[libcxx-commits] [PATCH] D91141: [9/N] [libcxx] Implement the stat function family on top of native windows APIs

Martin Storsjö via Phabricator via libcxx-commits libcxx-commits at lists.llvm.org
Mon Jan 18 11:07:58 PST 2021

mstorsjo added inline comments.

Comment at: libcxx/src/filesystem/filesystem_common.h:250-282
+#undef _S_IFMT
+#undef _S_IFDIR
+#undef _S_IFCHR
+#undef _S_IFIFO
+#undef _S_IFREG
+#undef _S_IFBLK
+#undef _S_IFLNK
ldionne wrote:
> mstorsjo wrote:
> > mstorsjo wrote:
> > > ldionne wrote:
> > > > Why are those defines necessary?
> > > Various versions of C runtimes used have fewer or more of them defined: to make things consistent across them, I undefine all existing defines and use our own.
> > I guess such a clarifying comment would help here.
> Just to understand, you're talking about the runtime headers for various versions of Windows? Is this not possible to fix by requiring a recent-ish version of those headers when building libc++?
No, it's more involved than that. There's two major toolchain styles for Windows; MSVC (the official, nonredistributable tools) and mingw (opensource, public-domain remake of windows headers). They target a number of different C runtime versions. (On Windows, the C runtime was traditionally not a system component - the system shipped with one legacy version, MSVC toolchains ship a newer one that you bundle with your app, and on Windows 10, there's both the legacy and the modern one shipped in the system).

So practically wrt this, it's not so much about requiring a new enough version - there's two entirely different toolchains that we need to support, and this particular area (stat functions, structs and related defines/macros) is differing annoyingly between the two.

Both of them provide constants _S_IFMT up to _S_IFREG. Neither of them provides _S_IFBLK, _S_IFLNK or _S_IFSOCK. Mingw does provide S_ISDIR up to S_ISREG, MSVC doesn't. Neither of them provide S_ISBLK, S_ISLNK or S_ISSOCK. 

We don't want to use the actual stat*() functions provided by the C runtimes (either version) because none of them really do what we want them to - so that's why I'd prefer to just flat out ignore the differing mess of what those toolchains provide in this context, as we provide our own implementation anyway.

Comment at: libcxx/src/filesystem/operations.cpp:402
+// (1601) to the Unix epoch (1970).
+#define FILE_TIME_OFFSET_SECS (uint64_t(369 * 365 + 89) * (24 * 60 * 60))
ldionne wrote:
> mstorsjo wrote:
> > ldionne wrote:
> > > Since the approach here is to make Windows into a POSIX-y system by adding `stat` & friends, would it be possible to hide this complexity in some internal header like `windows_posix_shims.h` (or whatever the name)?
> > Possibly, but there's a couple gotchas:
> > 
> > 1. Windows C runtimes actually do have a stat() function, but it's a bit limited (it only provides second precision for times, it doesn't expose the permissions, it doesn't provide something similar to st_dev), so we make our own available in the `detail` namespace here.
> > 
> > 2. Not all of these are exact replacements of posix functions.
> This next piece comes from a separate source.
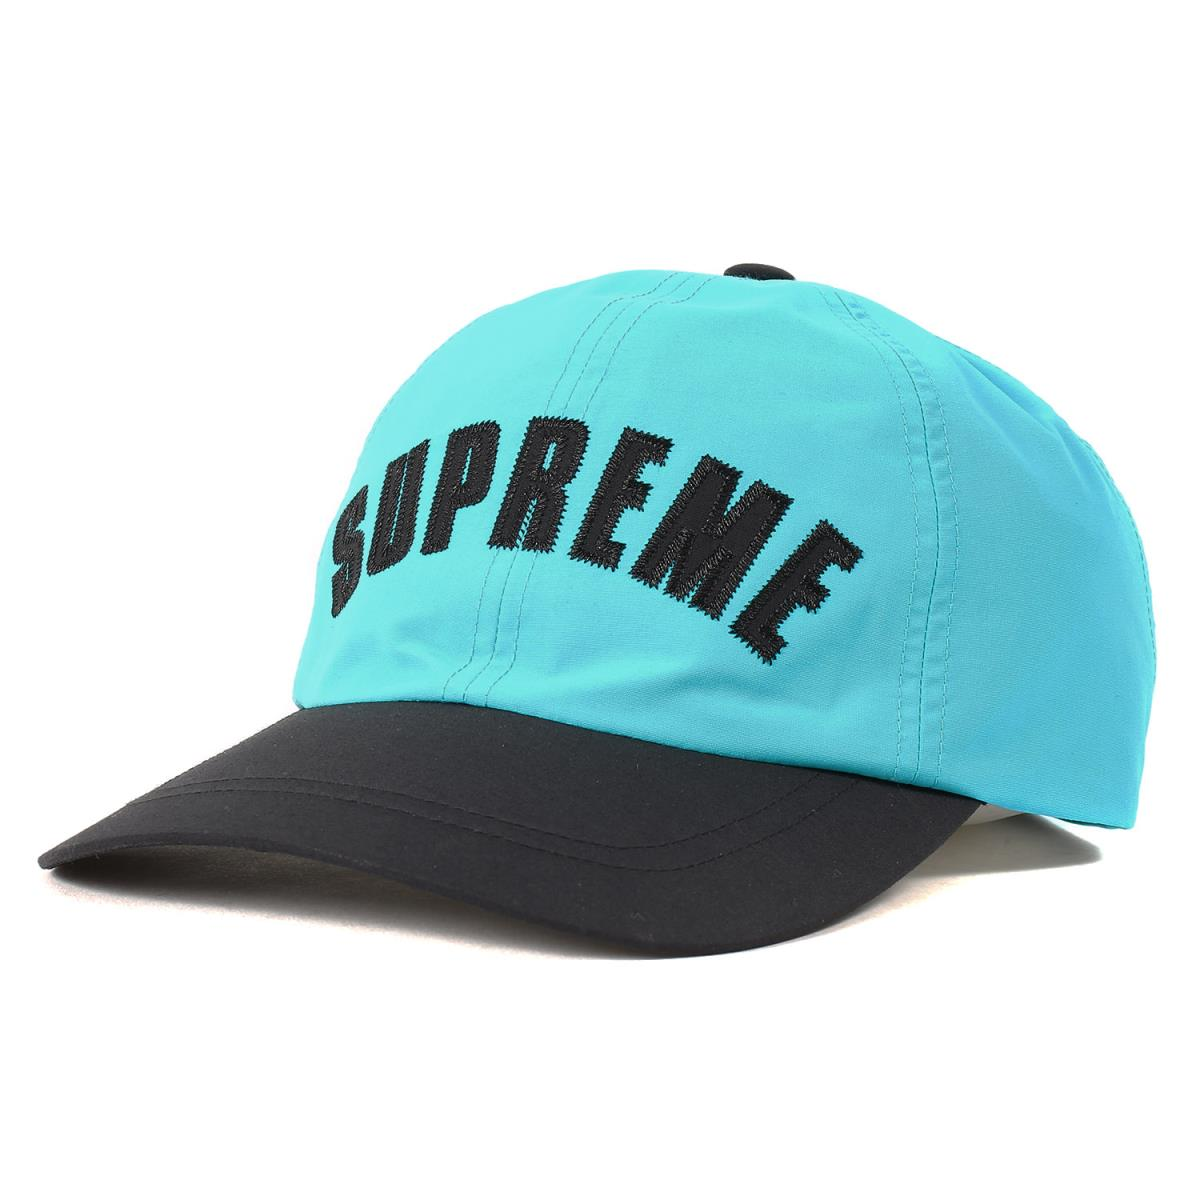 Supreme シュプリーム キャップ THE NORTH FACE GORE-TEX 6パネル キャップ Arc Logo 6-Panel 19SS ティール 【メンズ】【中古】【美品】【K2578】

For symlinks (in D91143) I split the `symlink` function into `symlink_file` and `symlink_dir`.
> > 
> > 3. Like 2. above, we might want to tweak the interface of the functions outside of the posix interface. E.g. for the stat() function, it's currently implemented by a handful of API calls, to fill in all used fields. If a caller only wants some fields, we could add a flag parameter to `detail::stat` here, indicating exactly which fields we need populated, as a later optimization.
> > 
> I guess my actual ask is to properly define *some* cross-platform API that we call from this file. If it's not exactly POSIX, that's fine, however that should be documented.
> We're porting the library to a new platform, so my preference would be that we delineate the minimal API that needs to be implemented by the system for the rest of the filesystem library to work. I'm not attached to whether we do it in this patch or later, but I think we need to do it somewhere in this patch list (I haven't looked at all of them, so if you do that later on, please LMK).
Well we do that, more or less, but implemented within operations.cpp within an anonymous namespace (so the code calls `detail::stat()` instead of `::stat()`). D91143 takes care of most of what is easily abstractable across platforms.

For functions that aren't quite as easy to abstract away (where the std::function we're implementing is the abstraction itself) I've gone with ifdefs within the individual functions, see e.g. D91170, where there's already ifdefs with two different codepaths within the function (for varying posix platforms).